Coinbase Poised to Make Final Pitch in Bid to Kill SEC Accusations Quickly
Coinbase Global Inc. (COIN) is set to make its final case on Tuesday that a judge should spring it from the clutches of the U.S. Securities and Exchange Commission (SEC) in its unregistered-securities dispute.
In Coinbase’s last word on its motion to get the accusations tossed before trial, a person familiar with the plan said the company will double down on familiar arguments: The SEC hasn’t demonstrated the transactions were investments contracts (and thus, securities), because it hasn’t shown any actual contracts existed, and the SEC is violating the “major questions doctrine” that basically holds that federal agencies have no business regulating novel areas that are awaiting congressional action.
After Coinbase’s Tuesday filing deadline, Judge Katherine Polk Failla of the U.S. District Court for the Southern District of New York will have the full arguments from both sides. The judge – who has signaled some skepticism of SEC arguments – will weigh whether Coinbase is irrefutably correct or that there’s merit in the SEC’s contention that the idea of an investment contract is broader than a traditional, signed agreement. If she’s strongly moved by Coinbase’s legal argument, she can dismiss the case, though getting a government enforcement action thrown out at this stage is usually a longshot.
The agency had originally targeted Coinbase with an enforcement action in June, and it represents one of the clearest confrontations between the U.S. securities regulator and the crypto industry, represented by a publicly listed U.S. company that’s one of the biggest digital assets exchanges. The case’s outcome could change the course of the industry in the U.S.
“This is an extremely important case for, not just the cryptocurrency industry, but for the future of digital assets in America,” said Jason Gottlieb, a lawyer who works with crypto clients at Morrison Cohen in New York.
Howey test
Coinbase’s motion to get an early judgment argued that the SEC is well out of bounds, but the agency responded that the so-called Howey test that legally determines whether something is a security is very flexible and is meant to be widely interpreted. If investors expected profit from a project, that’s a central factor, agency officials including Chair Gary Gensler have said.
“To distract from the fatal flaws in its legal arguments, Coinbase cries foul and seeks to blame the SEC for its current legal predicament,” SEC lawyers said in their response to Coinbase earlier this month.
But Coinbase has argued – and some judges seemed to agree – that tokens aren’t inherently securities themselves and that they have to be attached to an investment contract to be defined that way.
“The SEC’s brief was more of the same,” said Paul Grewal, Coinbase’s chief legal officer, in a statement to CoinDesk. “We look forward to laying out the facts in our final response brief.”

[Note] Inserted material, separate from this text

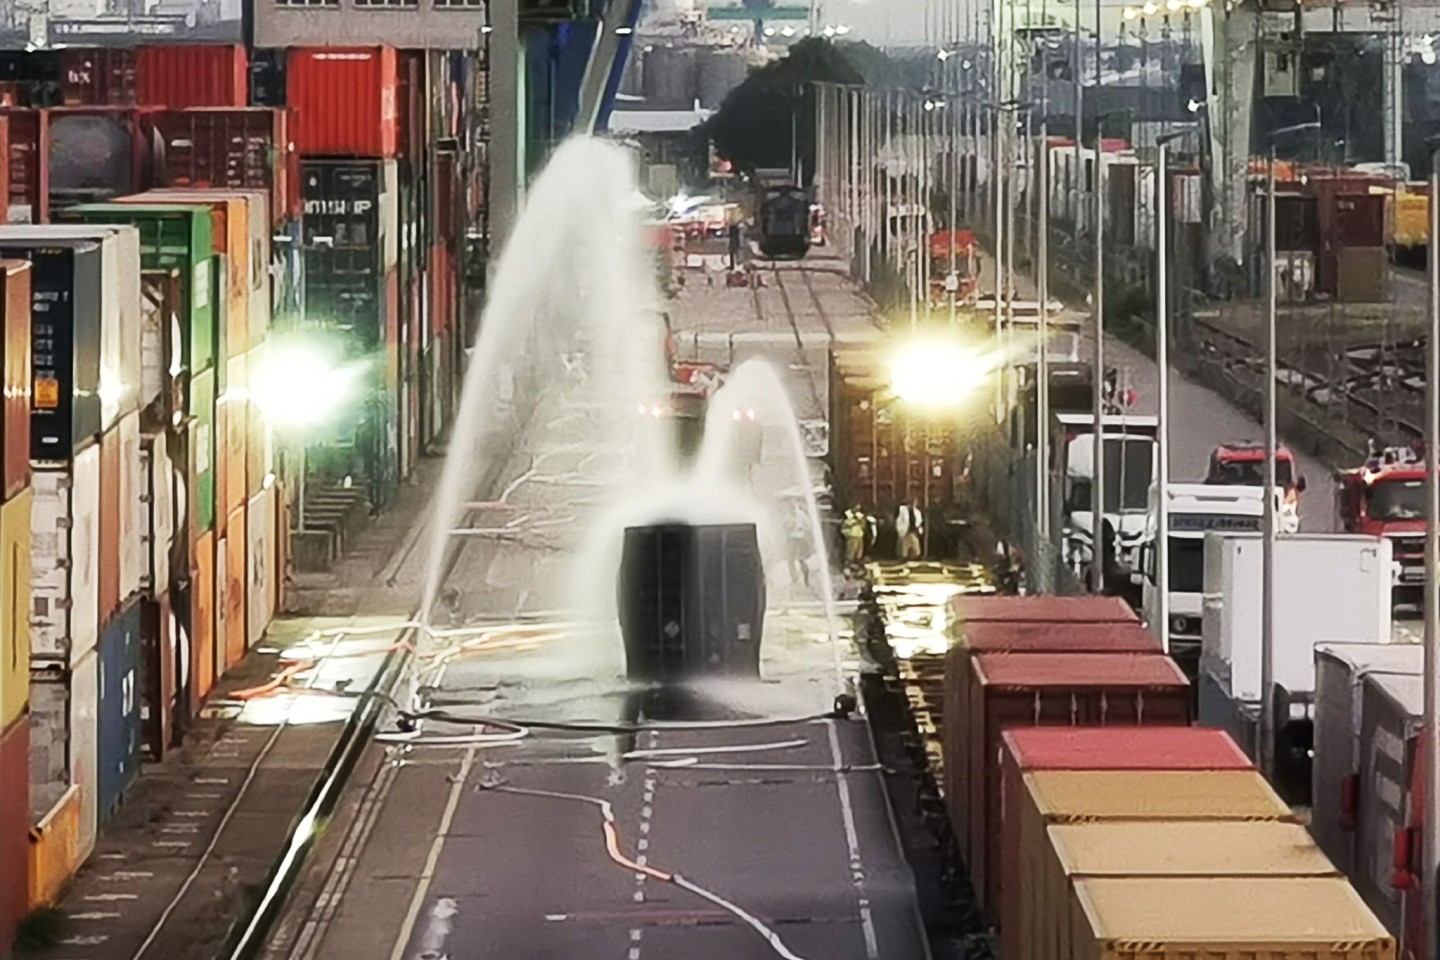 Die Feuerwehr kühlt einen Container, der mit 200 Fässern Hydrosulfit gefüllt ist, nach einem Chemieunfall.

The SEC has suffered a series of court setbacks that have demonstrated the federal judges in its multi-front battle against the crypto industry aren’t rushing to show the agency deference. The SEC’s foundation that virtually all cryptocurrencies are securities and that unregistered companies trafficking in them are breaking securities law has developed significant cracks, most notably in the Ripple ruling that said that company didn’t violate the law in selling its affiliated XRP cryptocurrency to retail customers.
Major questions
Where the SEC may have some momentum is in Coinbase’s other assertion, that the “major questions doctrine” – the same legal theory that cost the Biden administration a recent loss in the dispute over canceling student loan debt – should keep the SEC from regulating in a space that Congress is writing legislation about. A recent decision from Judge Jed Rakoff in the Terraform Labs case, he argued that the SEC’s regulation of crypto doesn’t rise to the “extraordinary cases” that the doctrine is meant for. So the agency knows at least one judge in the same court has leaned toward its view.

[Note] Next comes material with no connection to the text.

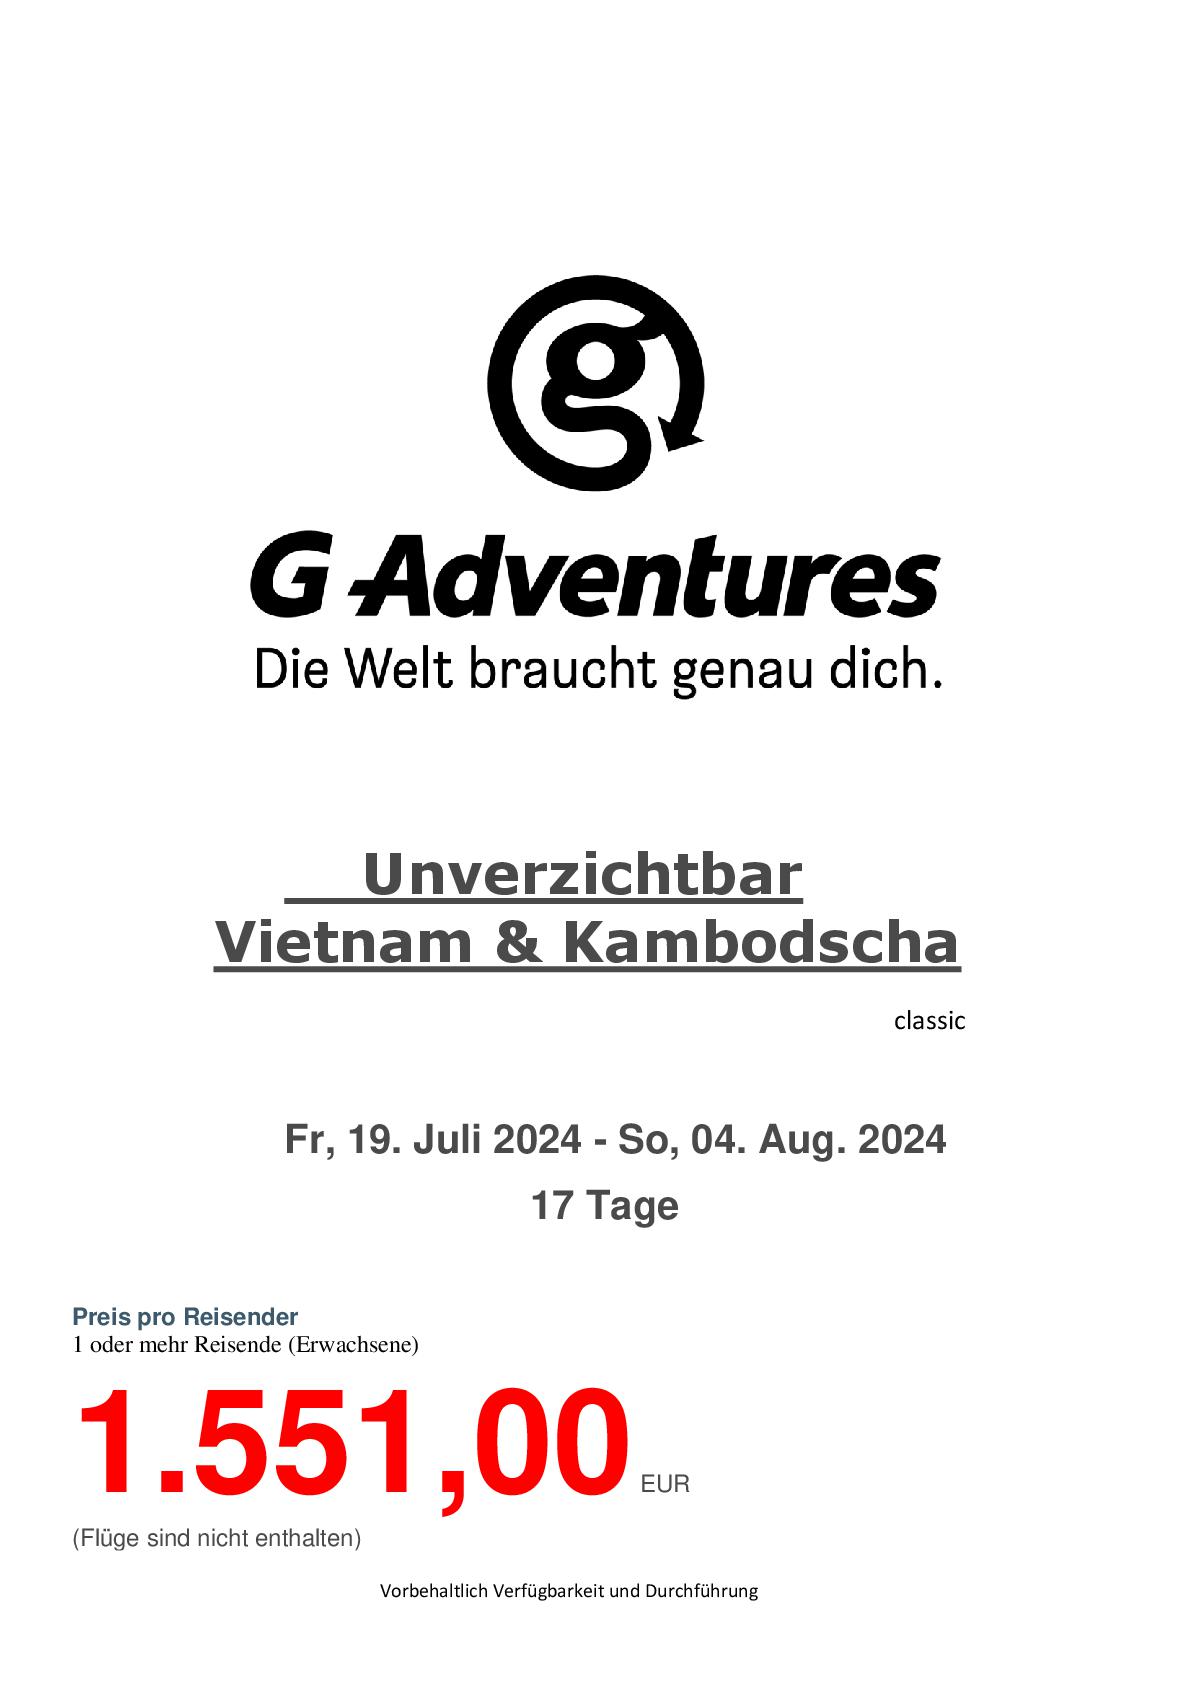 G-adventures Vietnam & Kambodscha

However, Rakoff was addressing a specific argument in a specific case, and he looked at the industry through the frame of the $1 trillion value of all the industry’s tokens.
“The treatment of digital assets and the sale of digital assets is absolutely a major question,” Gottlieb said. “It’s much larger than a trillion-dollar question. It’s quite literally the future of the global economy.”
Judge Failla will respond in the coming weeks and could ask the parties to come to court and make these same arguments in-person. It could be 2024 before she makes her decision on this motion, but declining Coinbase’s request doesn’t necessarily represent a big win for the SEC. The case would then keep going into its next stages in which Coinbase would continue to make its arguments in advance of a potential trial.
And this isn’t the only battle the SEC and Coinbase are waging in court. The company had also sued the SEC in April, demanding answers to its petition asking the agency whether it would issue rules for crypto. That case may be approaching some conclusion, because the SEC told that court that the agency’s staff made a recommendation on Oct. 10 to the five-member commission on how to proceed with Coinbase’s petition.